I think EuroNCAP would object to that statement, given the list of their
members:

[https://www.euroncap.com/en/about-euro-ncap/members-and-
test...](https://www.euroncap.com/en/about-euro-ncap/members-and-test-
facilities/list-of-euro-ncap-members-and-test-facilities/)

NCAP results for 2015 test of Tesla Model-S, 82% overall.
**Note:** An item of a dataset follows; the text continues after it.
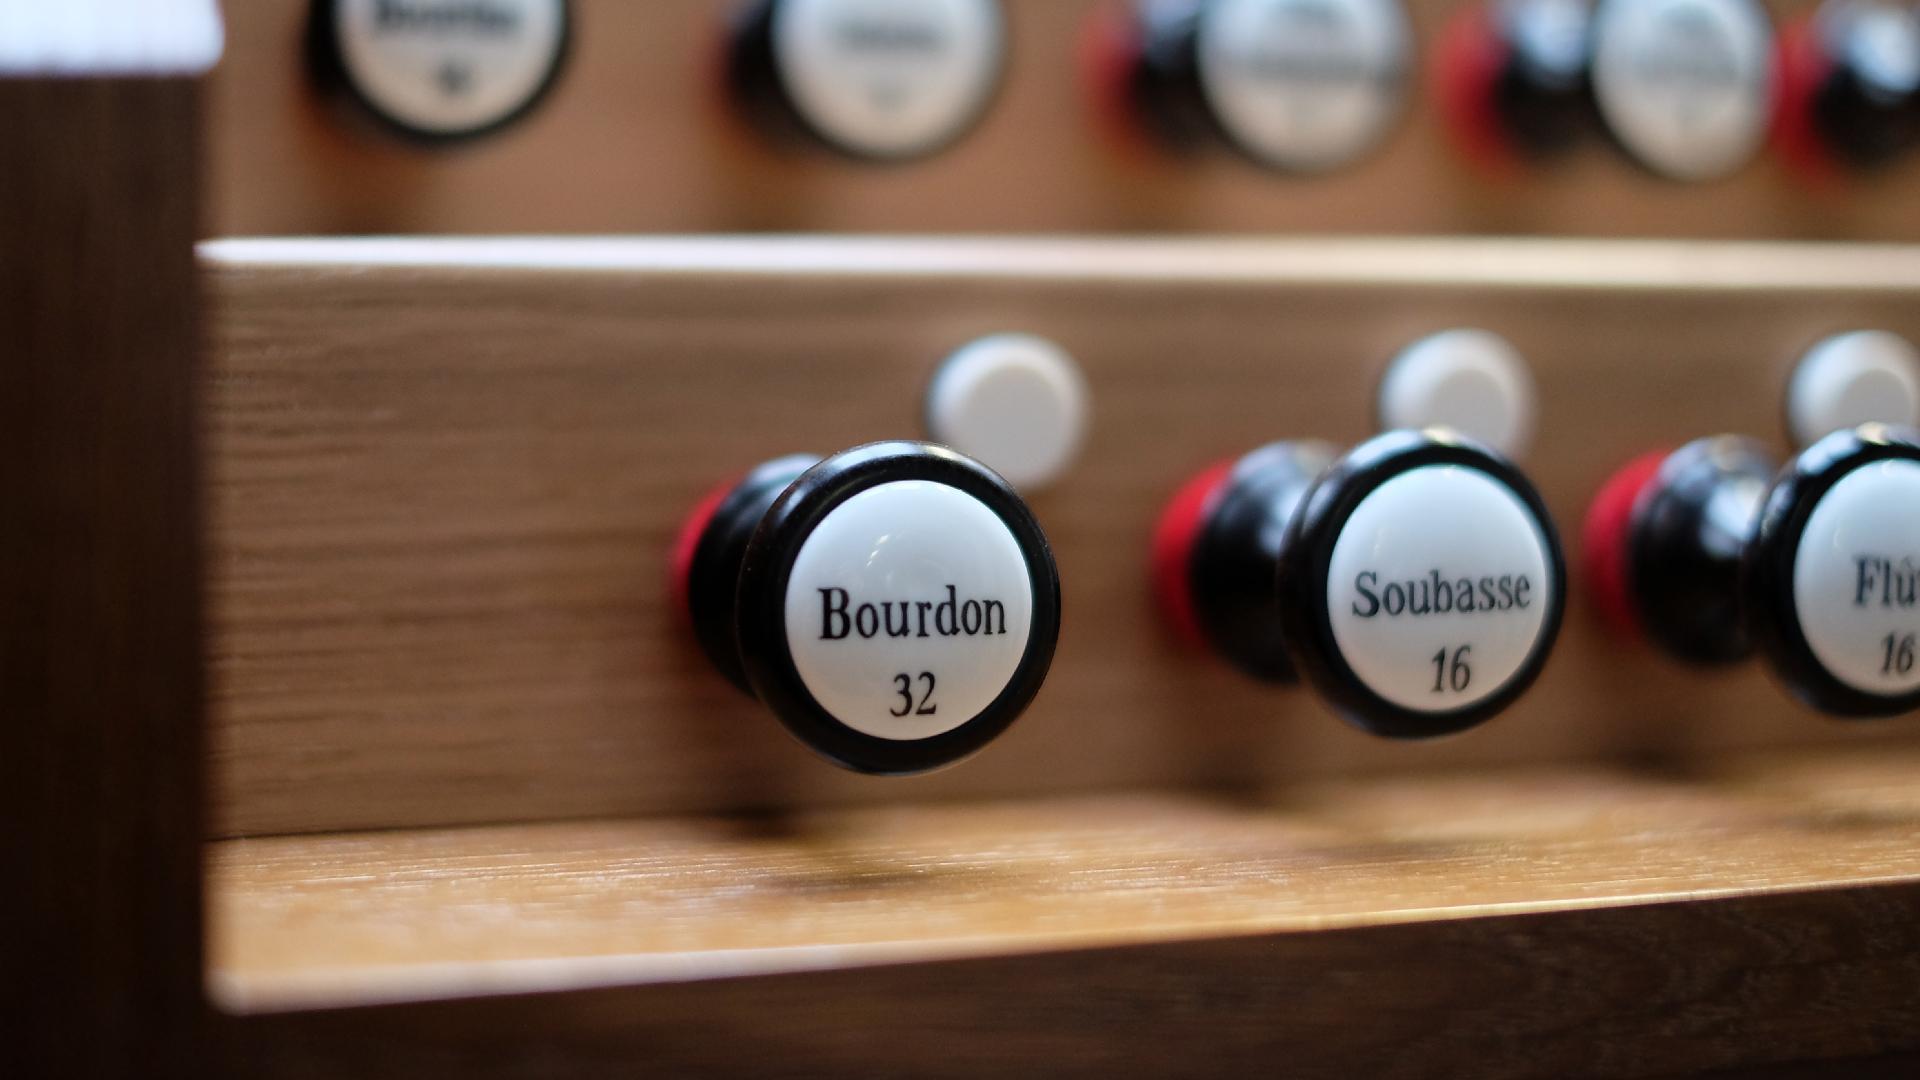 Bourdon 32' Manubrium Spieltisch Lüdenscheid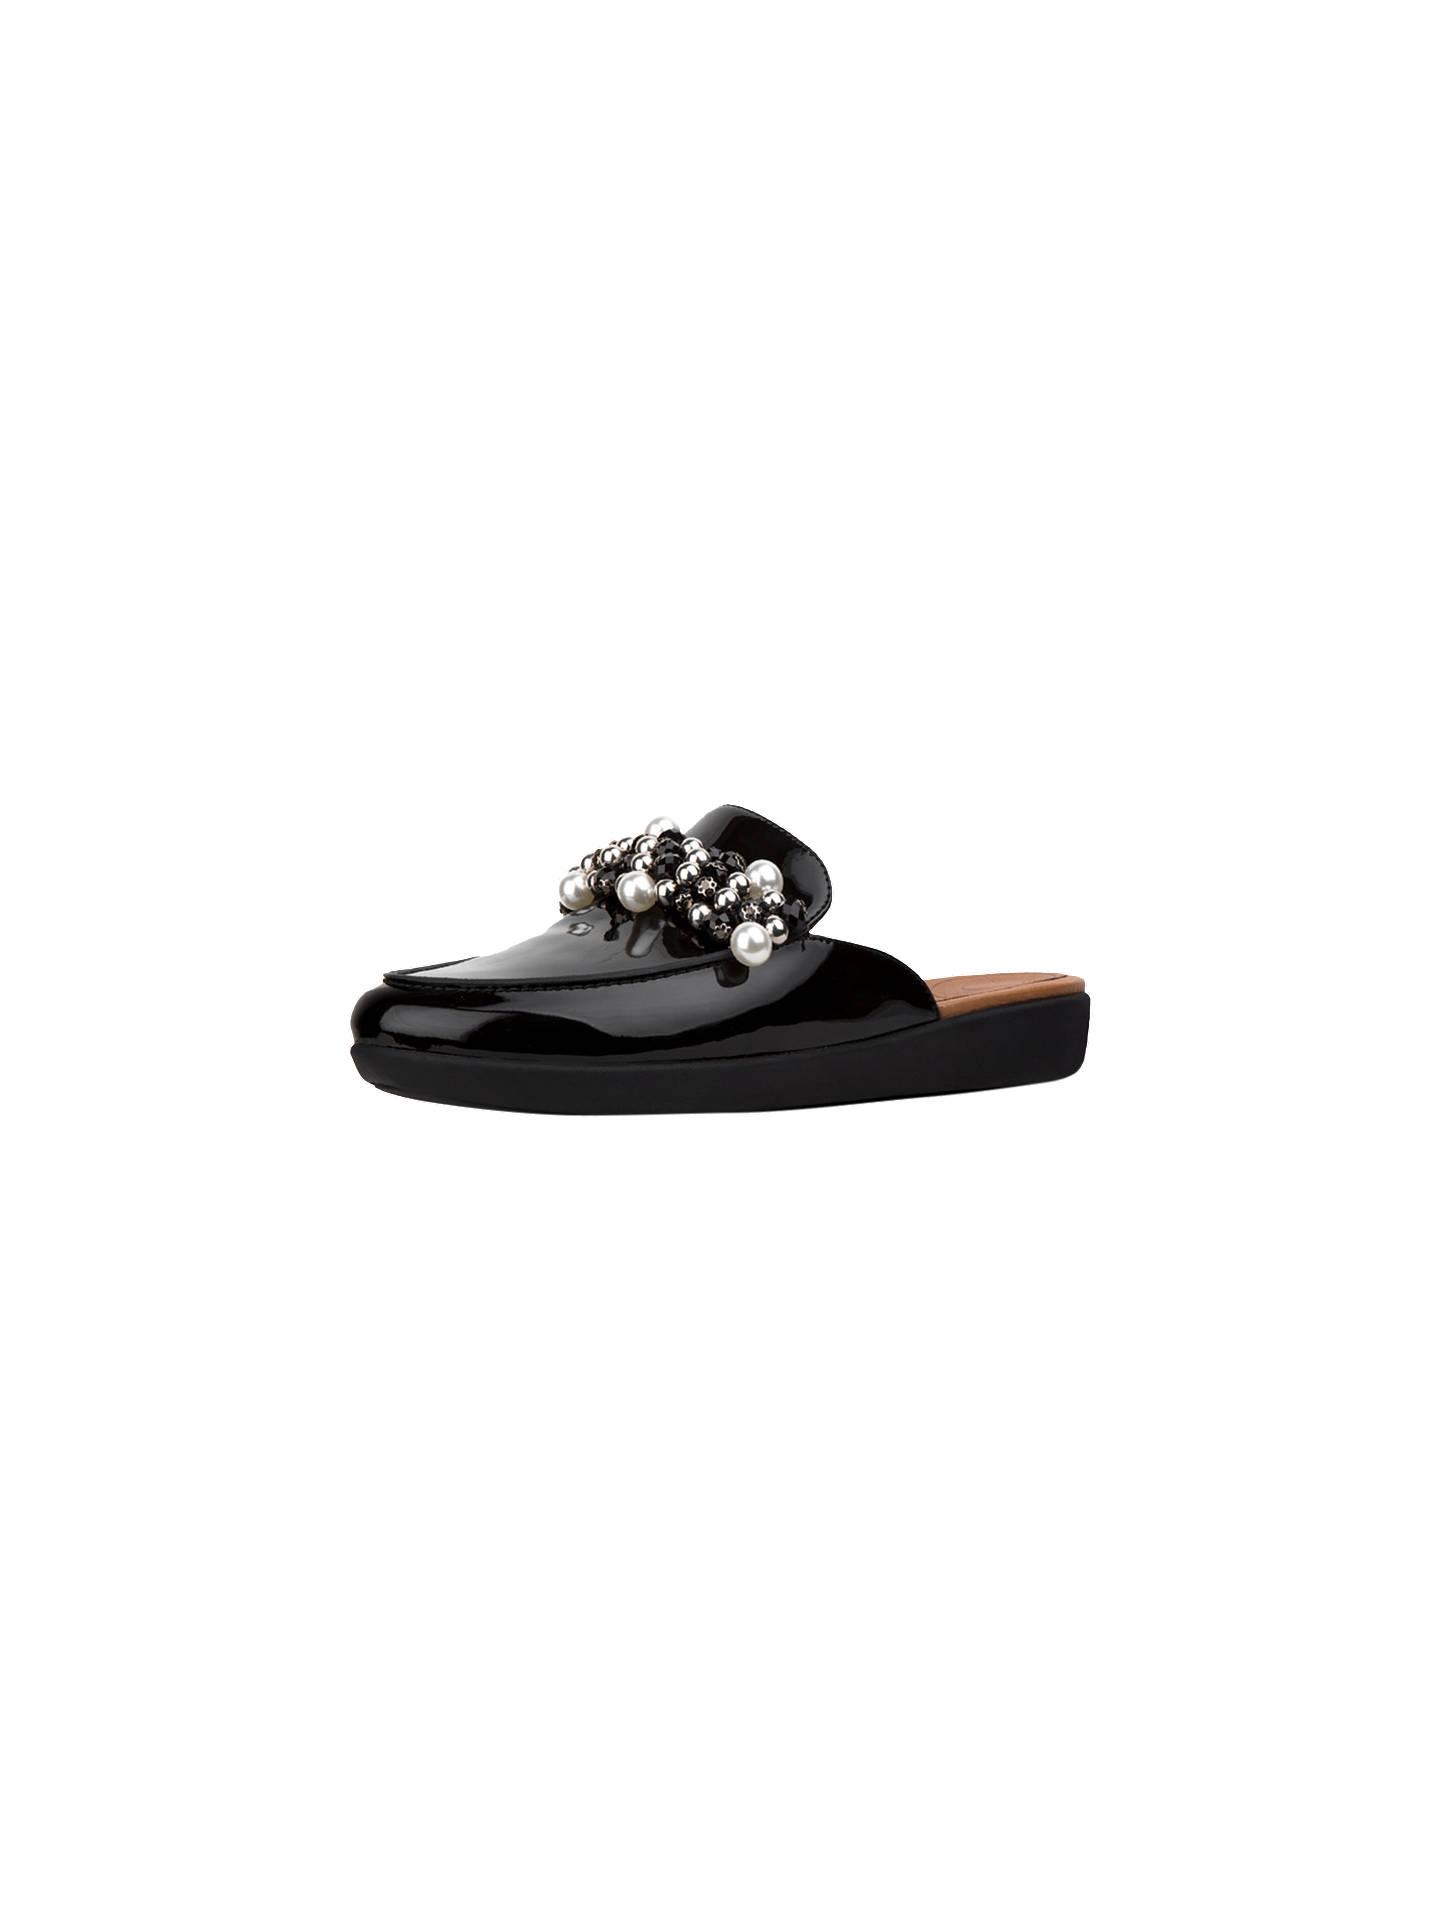 14317b5d82603 ... Buy FitFlop Serene Deco Embellished Mule Slides

Pedestrian safety
let it down badly:

[https://www.euroncap.com/en/results/tesla/model-s/7897](https://www.euroncap.com/en/results/tesla/model-s/7897)

Compares interestingly to 2013 test of Maserati Ghibli, similar shape to Model
S:

[https://www.euroncap.com/en/results/maserati/ghibli/8874](https://www.euroncap.com/en/results/maserati/ghibli/8874)

------
concinds
Tesla might well be in the wrong, but the article is frankly written in a
biased way.

> Rather than going back to the drawing board to improve the Model S's design

What is Tesla is right, and the test is inadequate? Ultimately the only thing
that matters is for the car to be safe on the road, and passing IYI-designed
tests may or may not approximate that well enough.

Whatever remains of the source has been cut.